Documenting Babel – languages in information science

Tower of Babel - Pieter BreugelMusing on the continuing place of language issues in both research and practice in the information sciences, following my participation in the Zagreb InFuture meeting, I wrote an editorial on the topic for the Journal of Documentation. This post is an amended version.

Languages, in one guise or another, have been a constant feature of the landscape of the information sciences for many years.

There are, for example, the various artificial ‘languages’ – more usually thought of as notations, nomenclatures or ontologies – which have been devised to describe such things as chemical structures and reactions, medical diagnoses and treatments, and the burgeoning data-rich fields of modern biology. There is the presence of linguistics as a subject of seemingly perpetual potential relevance to the information sciences. As Sparck Jones and Kay (1973, p. 1) put it in their seminal textbook: “linguistics and information science are natural bedfellows … but there has been relatively little contact between the two fields”: the situation has not changed much in the intervening decades. There is the now ubiquitous searching of ‘full text’ databases, requiring a greater or lesser amount of ‘intelligent’ processing of the natural languages in which the content of such databases are couched.

But primarily, there is the continued need for handling communication of information in all of the world’s languages. Neither the earnest advocacy of ‘universal’ or ‘auxiliary’ languages, from Leibnitz’ logic-based characteristica universalis to Esperanto, nor the long-anticipated advent of English as a de facto global language (Crystal 2003), has reduced the demand for support for national and local languages, as the provision for 23 official languages in the European Union testifies.

This naturally has consequences for research and practice in the information sciences. A facility with languages other than one’s own has always been one of the requirements of the practising librarian and information officer, even in the traditionally language-averse United Kingdom. Sadly, the requirement for some facility with two languages other than English, a requirement when I studied information science at Masters level, has long gone from the UK, though an equivalent requirement is still largely present in Continental Europe. This manifested itself in a variety of detailed language tools for the information professions, Allen’s 1975 Manual of European Languages for Librarians, being a typical example.

In research terms, language issues have stimulated work on a variety of topics. An early example was the study of the value of ‘cover-to-cover’ translations of scientific journals, particularly from the Russian language following the shock to the Western scientific complacency caused by the Sputnik satellite of 1957 (Tybulewicz 1970). Other long-standing concerns, in the English-speaking world at least, were focused on the ‘language barrier’, the belief that valuable information, particularly in scientific, technical and medical subjects, was being missed because it was not published in the English language (see, for instance, Hutchins, Pargeter and Saunders 1971, Chan 1977, Thorpe, Schur, Bawden and Joice 1988). More recently, attention has been focused on such topics as the information practices of translators, natural language processing and cross-language information retrieval; Some examples of recent Journal of Documentation articles reporting such research, as an indication of its variety, are shown below.

These thoughts were stimulated by my attending the INFuture conference in Zagreb, Croatia, in November. A substantial proportion of this conference, which dealt with the future of information science, was devoted to language technologies – including machine-aided translation and natural language processing – and to languages issues in general. The topics covered included the European Union’s CLARIN (Common Language Resources and Technology Infrastructure) project, which aims to compile a series of digital archives with data sources for language-based materials (text and speech corpuses, dictionaries, etc.) together with language and speech technology tools. Particularly aimed at academic users in the arts and social sciences, CLARIN adopts the philosophy that all languages – irrespective of the number of speakers or of their commercial importance – are of equal importance.

It seems clear that the predictions, or fears, of the adoption of artificial languages, and of the ubiquitous adoption of any single one, are very far from fulfilment.
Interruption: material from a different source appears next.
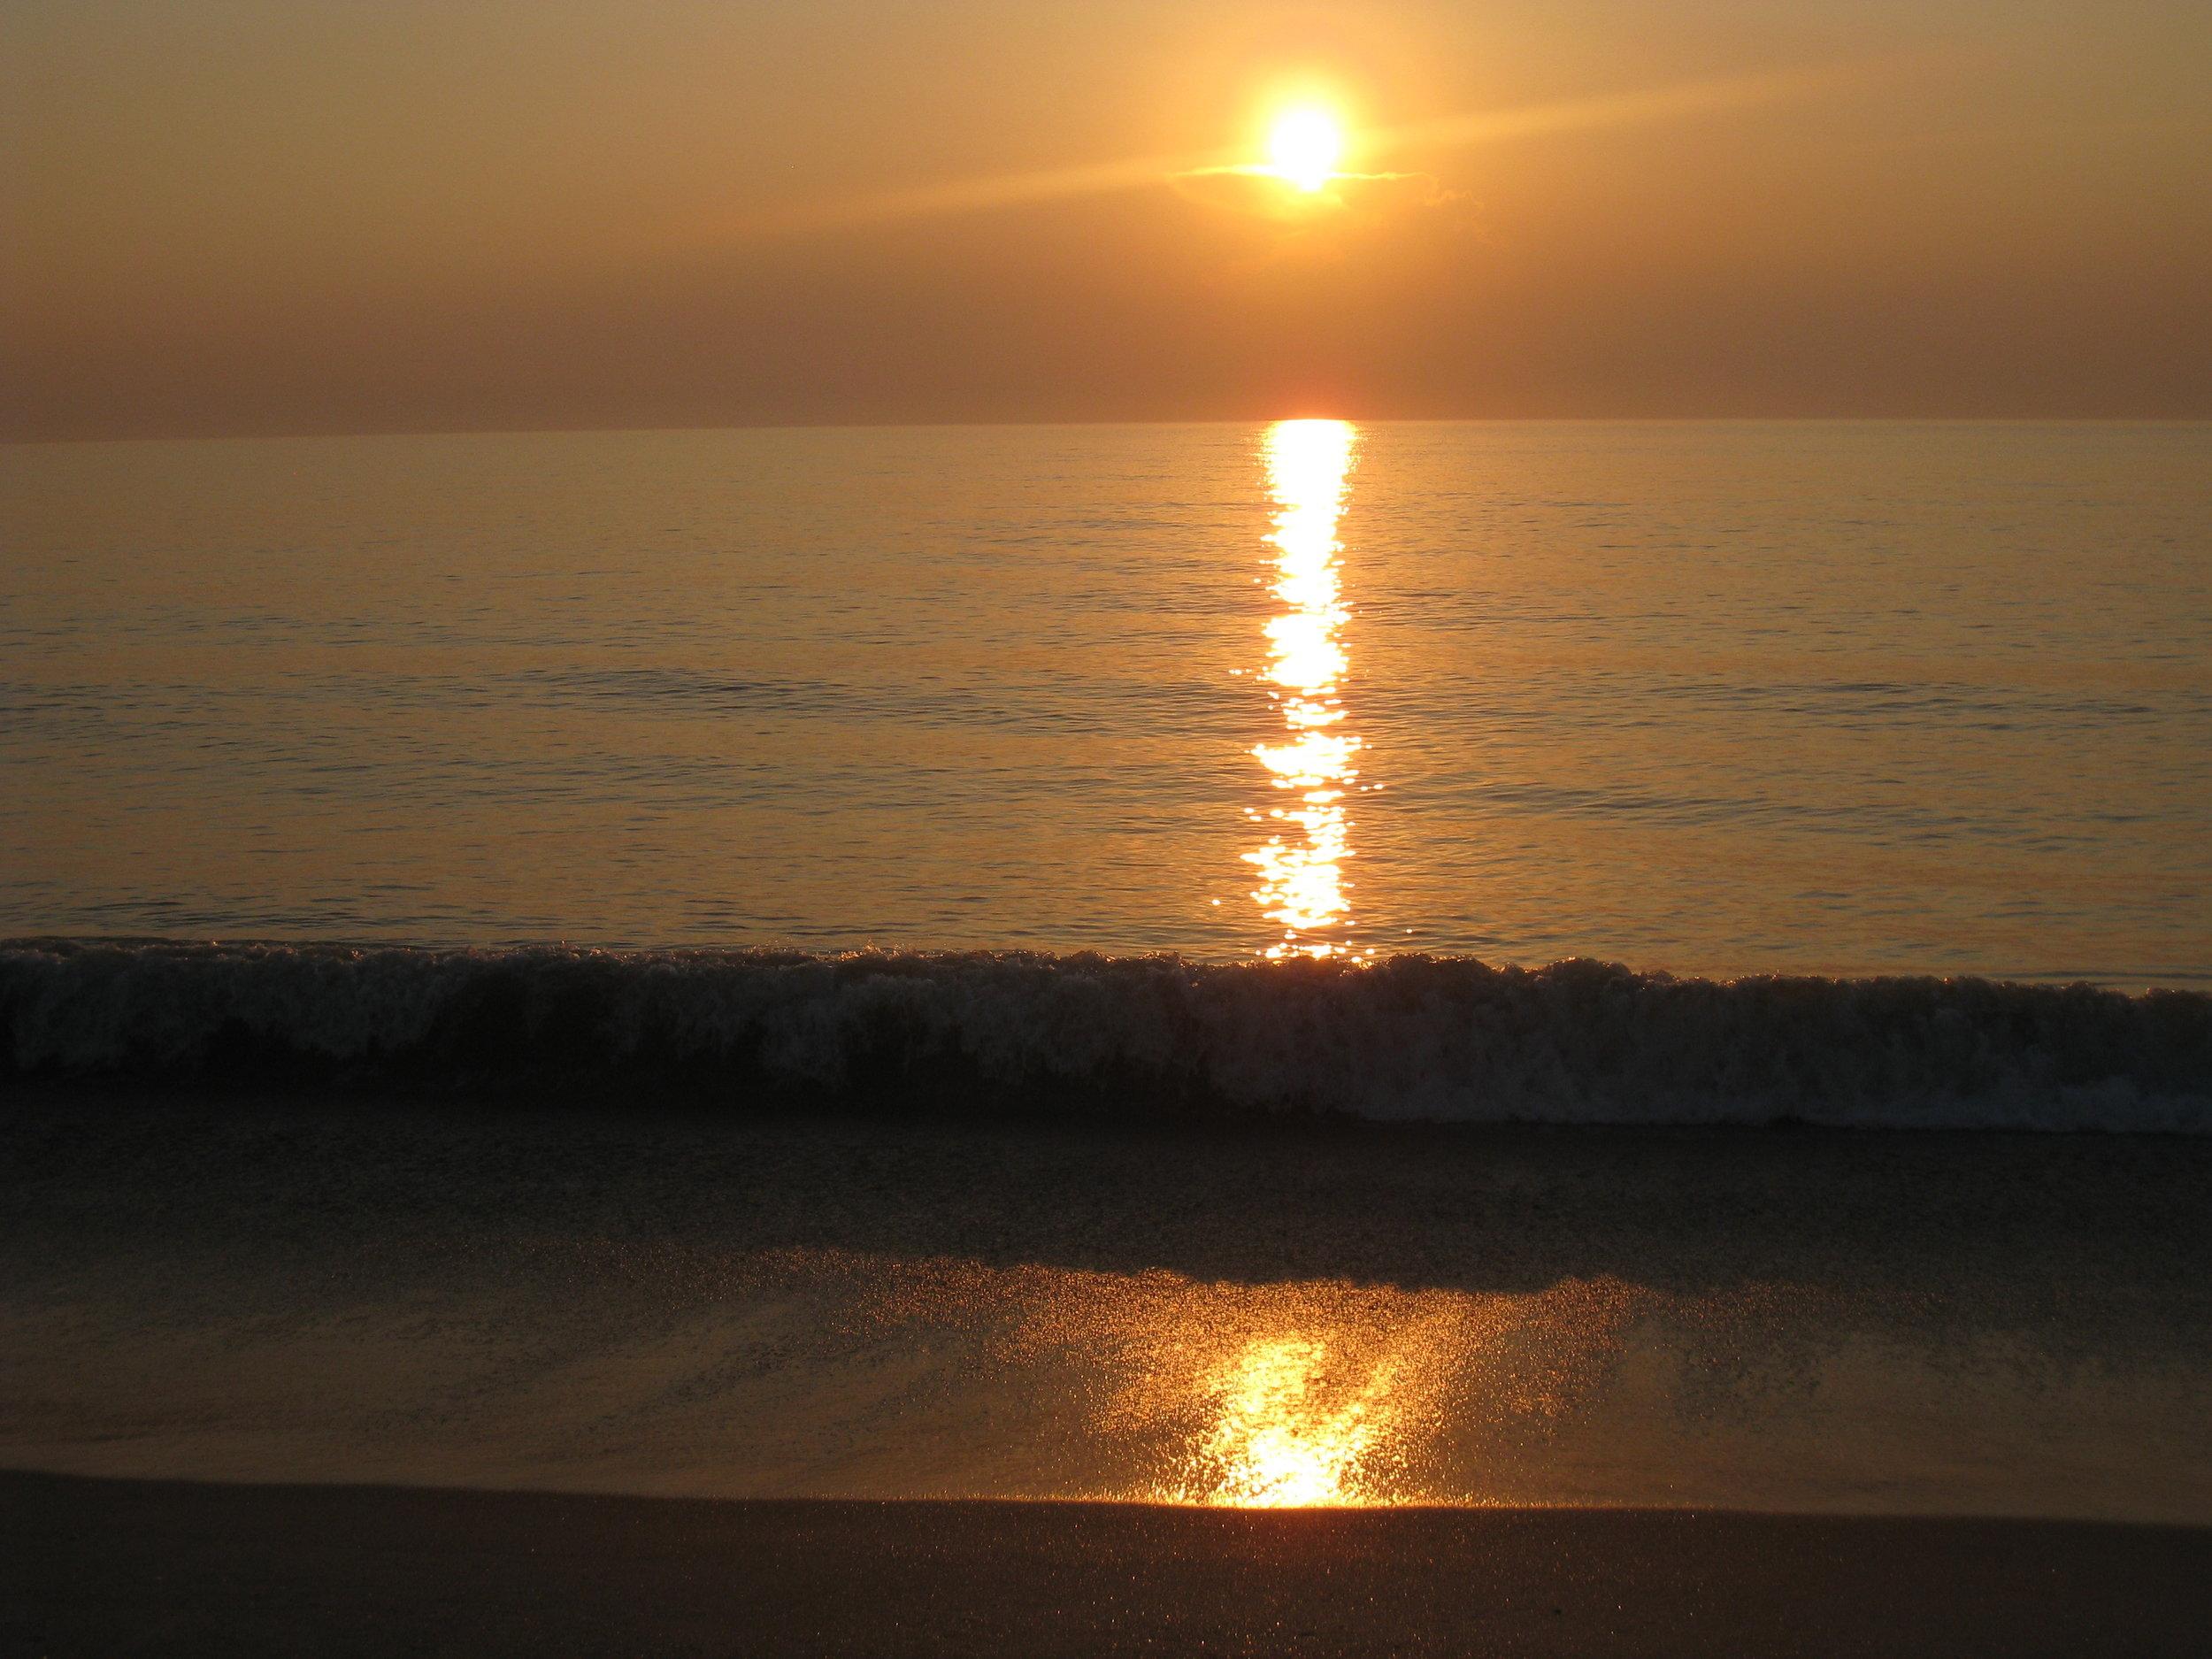 Sunrise, June 13, 2009

We may expect that these issues will be an important feature of the information research agenda for the foreseeable future.
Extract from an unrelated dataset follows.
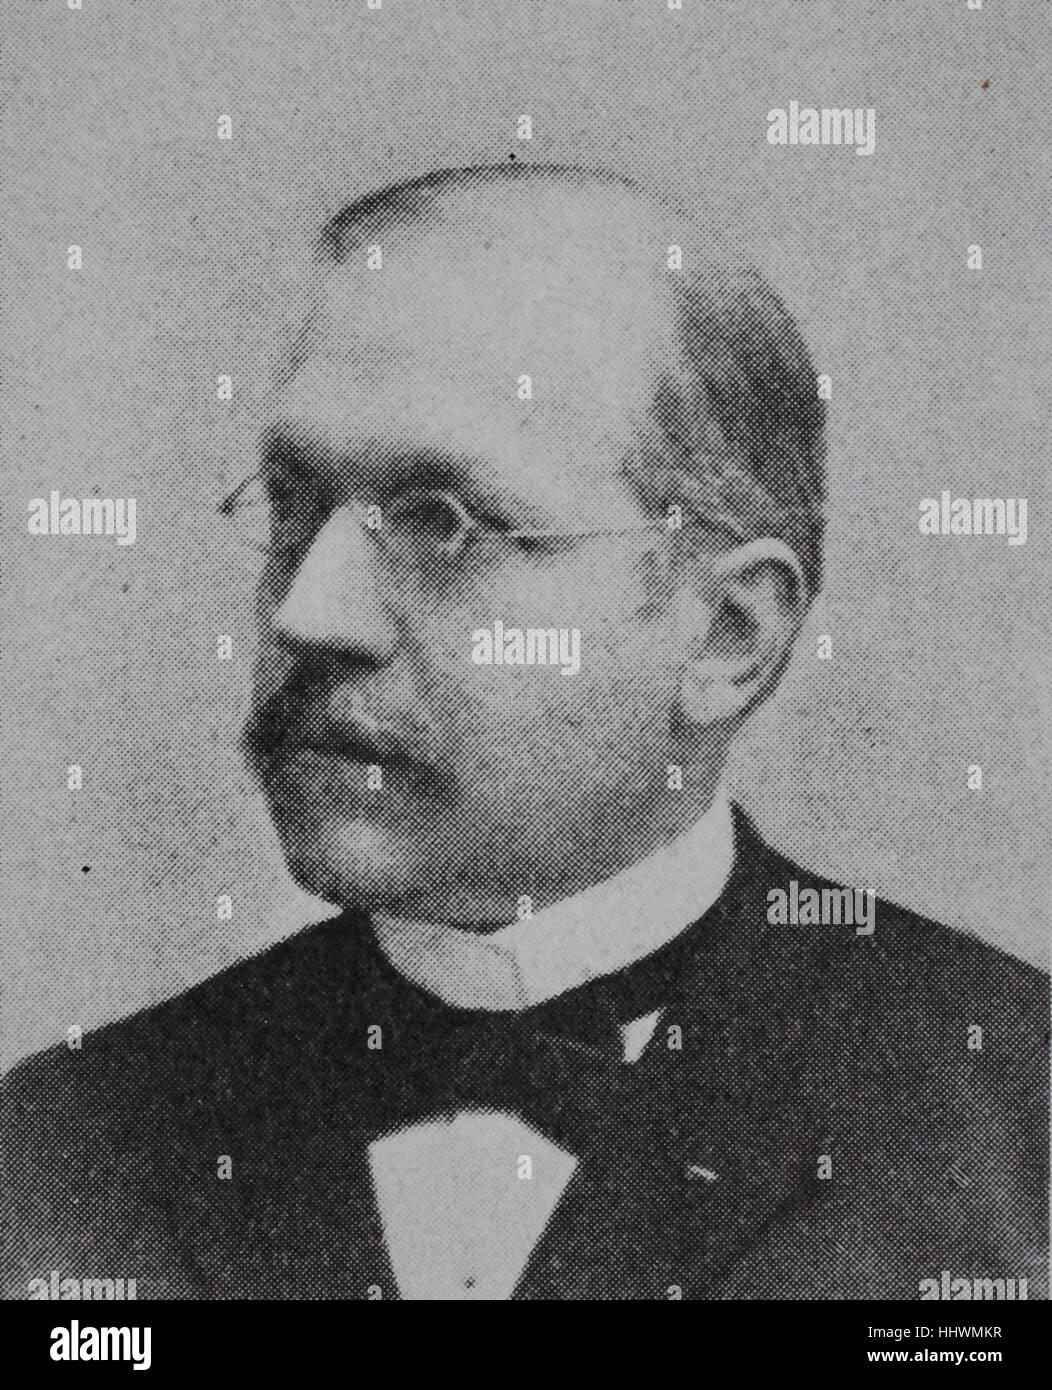 Josef Forster, 1844 - 1910, german doctor and hygiene scientist, historical image or illustration, published 1890, - Stock Image

3 thoughts on “Documenting Babel – languages in information science

  1. CLARIN’s philosophy that all languages – irrespective of the number of speakers or of their commercial importance – are of equal importance is the right one.
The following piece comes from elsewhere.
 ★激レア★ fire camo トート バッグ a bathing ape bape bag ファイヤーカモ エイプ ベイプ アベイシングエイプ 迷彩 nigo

    I’ve long been a user and advocate of Esperanto, but I do see the importance of all languages as well as the importance of the information scientist role in making accessible what is produced in them.

    Long may the world’s rich linguistic heritage endure. The aim of Esperanto was and is only to act as an auxiliary language and not to displace other tongues.

  2. I agree with the comment of Sparck Jones and Kay that “linguistics and information science are natural bedfellows … but there has been relatively little contact between the two fields”. The same is as true today as it was then.

    The choice of a common language is dependent not primarily on the needs of the information community, but, sadly, on power politics. The outcome of the language war will depend, more than anything, on the outcome of the current wars of domination in the Middle East.

    Serious research is needed into the dynamics of language politics and its link with political propaganda. My own research suggests that an important part of language wars is the undermining of the opposition, just as in any other form of conflict. Very little seems to be published on this.